By its current metrics, Apple’s stock is not cheap — but it’s not expensive either. Considering that Apple has transitioned more of its business to recurring revenue sales that produce higher margins over the last decade, one can argue it justifies a higher price multiple.
Moreover, when measured against one of its main competitors, Microsoft (MSFT), Apple is trading at a discount based on those same metrics.
Apple has been an American success story several times over. Despite the high valuation, it could be an expensive but good long-term stock to hold.
The Power management Company that’s looking at powerful growth
Sure, the world is increasingly becoming electric; however, an environmentally friendly future of electric-powered transportation, factories, and home heating depends on a large and resilient power grid.

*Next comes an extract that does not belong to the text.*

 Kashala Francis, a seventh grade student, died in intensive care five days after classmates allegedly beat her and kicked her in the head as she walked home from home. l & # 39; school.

In reality, though, the grid simply isn’t ready to take on the load, and getting there will cost hundreds of billions of dollars.
Enter Eaton (ETN), a power management company, which provides energy-efficient solutions for electrical, hydraulic, and mechanical power. It is one of the leading companies in the sector, and is seeing growth in demand that exceeds its expectations.

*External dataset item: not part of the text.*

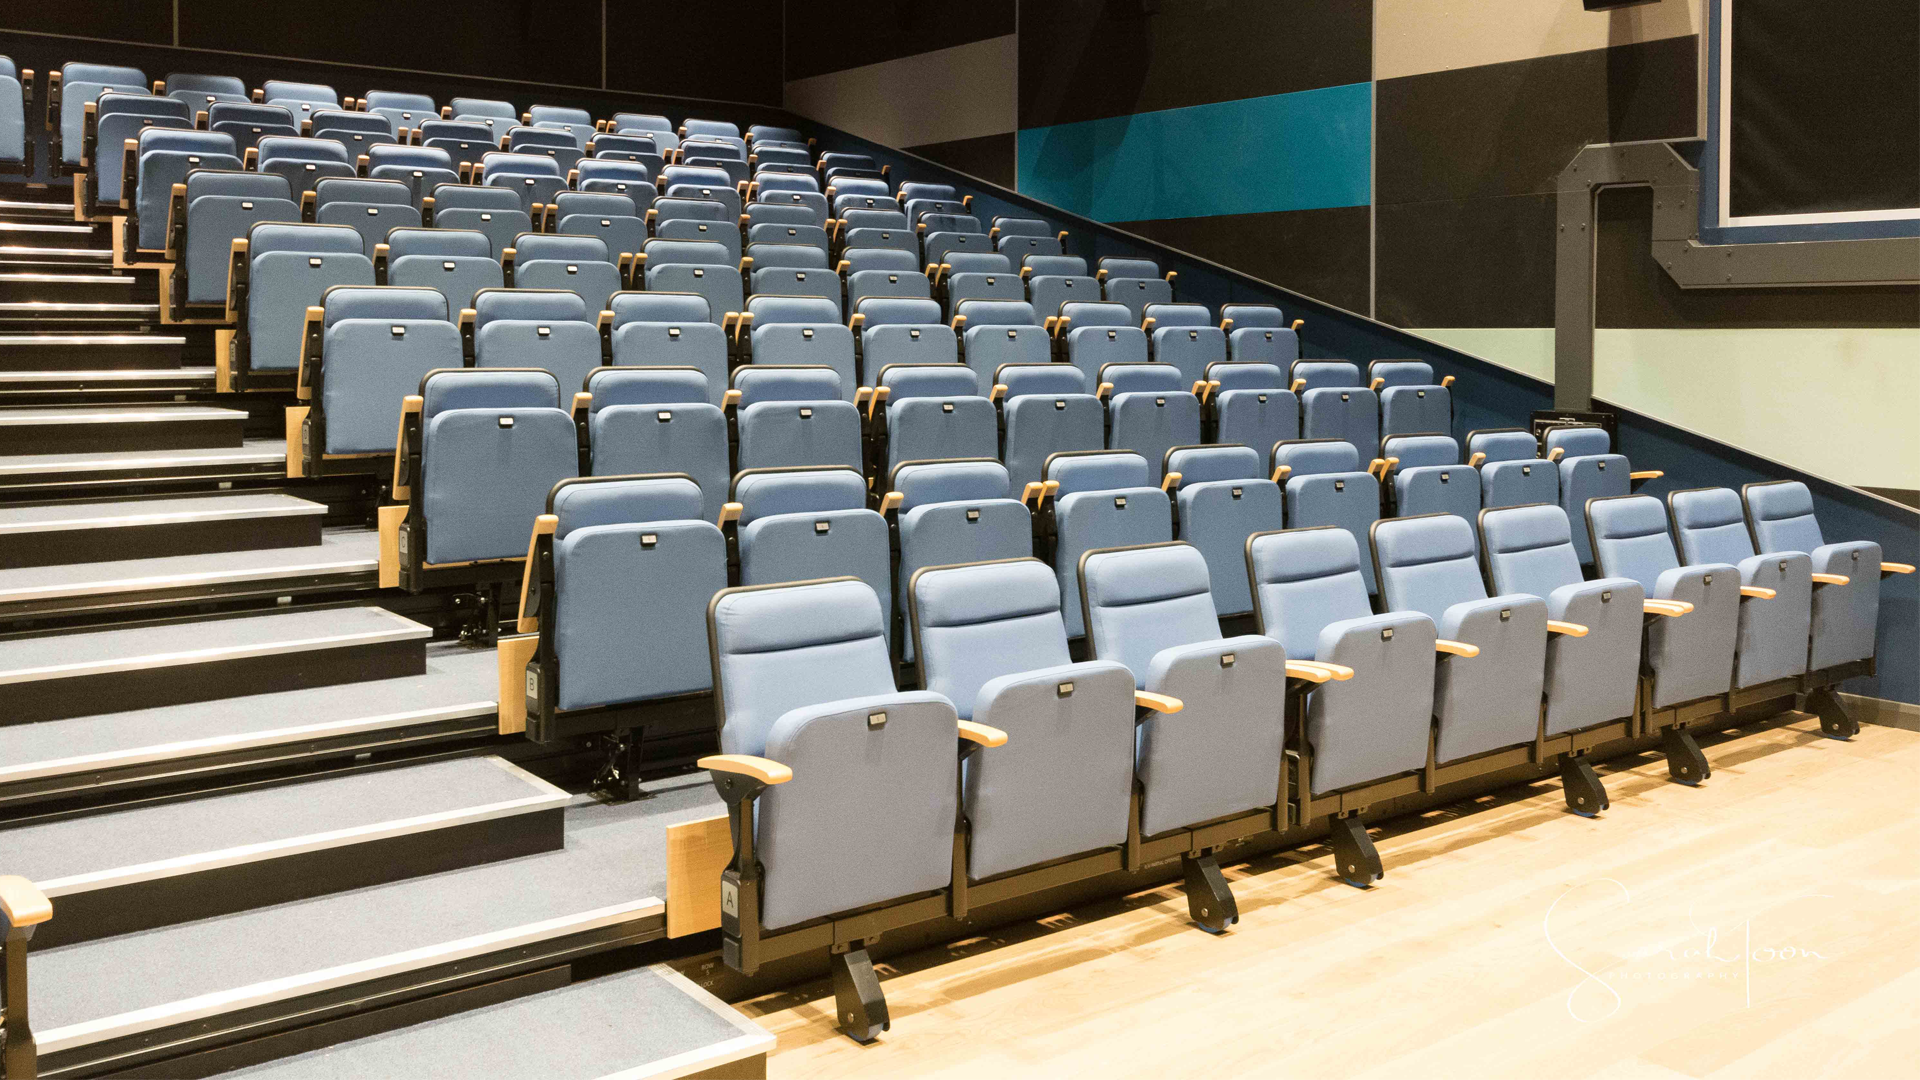 Theatre and Cinema Seating

Backlog in its electricity segment, which accounts for more than two-thirds of its revenue, grew 76% in the latest quarter, higher than ever, prompting Eaton’s CEO – Craig Arnold to call it the fastest demand in any business that he’s seen in his professional lifetime.
At a time when rising interest rates and weak consumer confidence are hurting most U.S. industries, Eaton has been propelled by a megatrend that is likely to persist regardless of conditions in the economy in the near term. To combat climate change, more services that were once powered by fossil fuels will have to convert to electricity.
FYI, Eaton recently reported record results for Q1 2022 with 10% organic sales growth, above the high end of guidance, record backlog, and accelerating order activity up 30% in electrical, and up 35% in aerospace.
As the demand for high-tech gear helps the sector, Eaton’s most powerful ally is simple mathematics. I.e., countries today are accelerating investments that will pay off for decades for Eaton.
Momentum investing is all about the idea of following a stock’s recent trend, which can be in either direction. For investors following this methodology, taking advantage of trends in a stock’s price is key; once a stock establishes a course, it is more than likely to continue moving in that direction. The goal is that once a stock heads down a fixed path, it will lead to timely and profitable trades.
A good momentum benchmark for a stock is to look at its short-term price activity, as this can reflect both current interests and if buyers or sellers currently have the upper hand.
For Eaton, shares are up 3.08% over the past week, while the electronics industry is down 0.27% over the same time period. Its shares are looking quite well from a longer time frame too, as the monthly price change of 15.52% compares favourably with the industry’s 9.11% performance as well.
Considering all of these elements, this power player has a powerful momentum score. If you’re looking for a fresh pick that’s set to rise in the near term, it would make sense to keep Eaton on your list.